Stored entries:
══════════
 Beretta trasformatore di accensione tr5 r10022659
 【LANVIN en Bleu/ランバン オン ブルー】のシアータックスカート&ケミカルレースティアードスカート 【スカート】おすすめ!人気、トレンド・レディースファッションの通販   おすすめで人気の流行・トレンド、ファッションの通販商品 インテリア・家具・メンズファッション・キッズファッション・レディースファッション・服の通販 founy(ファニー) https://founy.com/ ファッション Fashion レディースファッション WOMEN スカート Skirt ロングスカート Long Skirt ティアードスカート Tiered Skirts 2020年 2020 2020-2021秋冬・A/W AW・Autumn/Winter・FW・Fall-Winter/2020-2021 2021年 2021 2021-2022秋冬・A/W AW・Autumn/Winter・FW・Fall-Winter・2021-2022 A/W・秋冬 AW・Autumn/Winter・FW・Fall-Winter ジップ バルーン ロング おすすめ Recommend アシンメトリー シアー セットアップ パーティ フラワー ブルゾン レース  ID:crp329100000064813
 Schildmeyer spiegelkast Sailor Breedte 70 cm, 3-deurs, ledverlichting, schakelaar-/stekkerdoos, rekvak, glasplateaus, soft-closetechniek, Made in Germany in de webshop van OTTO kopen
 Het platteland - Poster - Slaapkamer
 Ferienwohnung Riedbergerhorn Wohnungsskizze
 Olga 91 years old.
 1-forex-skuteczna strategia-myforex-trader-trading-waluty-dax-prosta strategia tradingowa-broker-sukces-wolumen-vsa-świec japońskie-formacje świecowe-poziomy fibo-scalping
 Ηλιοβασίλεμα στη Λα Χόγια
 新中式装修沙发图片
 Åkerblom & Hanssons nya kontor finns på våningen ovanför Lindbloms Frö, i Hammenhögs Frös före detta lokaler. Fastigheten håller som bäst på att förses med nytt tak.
══════════
=== Assigned task ===
Your reply should consist of the records, copied exactly.

=== Written response ===
 Beretta trasformatore di accensione tr5 r10022659
 【LANVIN en Bleu/ランバン オン ブルー】のシアータックスカート&ケミカルレースティアードスカート 【スカート】おすすめ!人気、トレンド・レディースファッションの通販   おすすめで人気の流行・トレンド、ファッションの通販商品 インテリア・家具・メンズファッション・キッズファッション・レディースファッション・服の通販 founy(ファニー) https://founy.com/ ファッション Fashion レディースファッション WOMEN スカート Skirt ロングスカート Long Skirt ティアードスカート Tiered Skirts 2020年 2020 2020-2021秋冬・A/W AW・Autumn/Winter・FW・Fall-Winter/2020-2021 2021年 2021 2021-2022秋冬・A/W AW・Autumn/Winter・FW・Fall-Winter・2021-2022 A/W・秋冬 AW・Autumn/Winter・FW・Fall-Winter ジップ バルーン ロング おすすめ Recommend アシンメトリー シアー セットアップ パーティ フラワー ブルゾン レース  ID:crp329100000064813
 Schildmeyer spiegelkast Sailor Breedte 70 cm, 3-deurs, ledverlichting, schakelaar-/stekkerdoos, rekvak, glasplateaus, soft-closetechniek, Made in Germany in de webshop van OTTO kopen
 Het platteland - Poster - Slaapkamer
 Ferienwohnung Riedbergerhorn Wohnungsskizze
 Olga 91 years old.
 1-forex-skuteczna strategia-myforex-trader-trading-waluty-dax-prosta strategia tradingowa-broker-sukces-wolumen-vsa-świec japońskie-formacje świecowe-poziomy fibo-scalping
 Ηλιοβασίλεμα στη Λα Χόγια
 新中式装修沙发图片
 Åkerblom & Hanssons nya kontor finns på våningen ovanför Lindbloms Frö, i Hammenhögs Frös före detta lokaler. Fastigheten håller som bäst på att förses med nytt tak.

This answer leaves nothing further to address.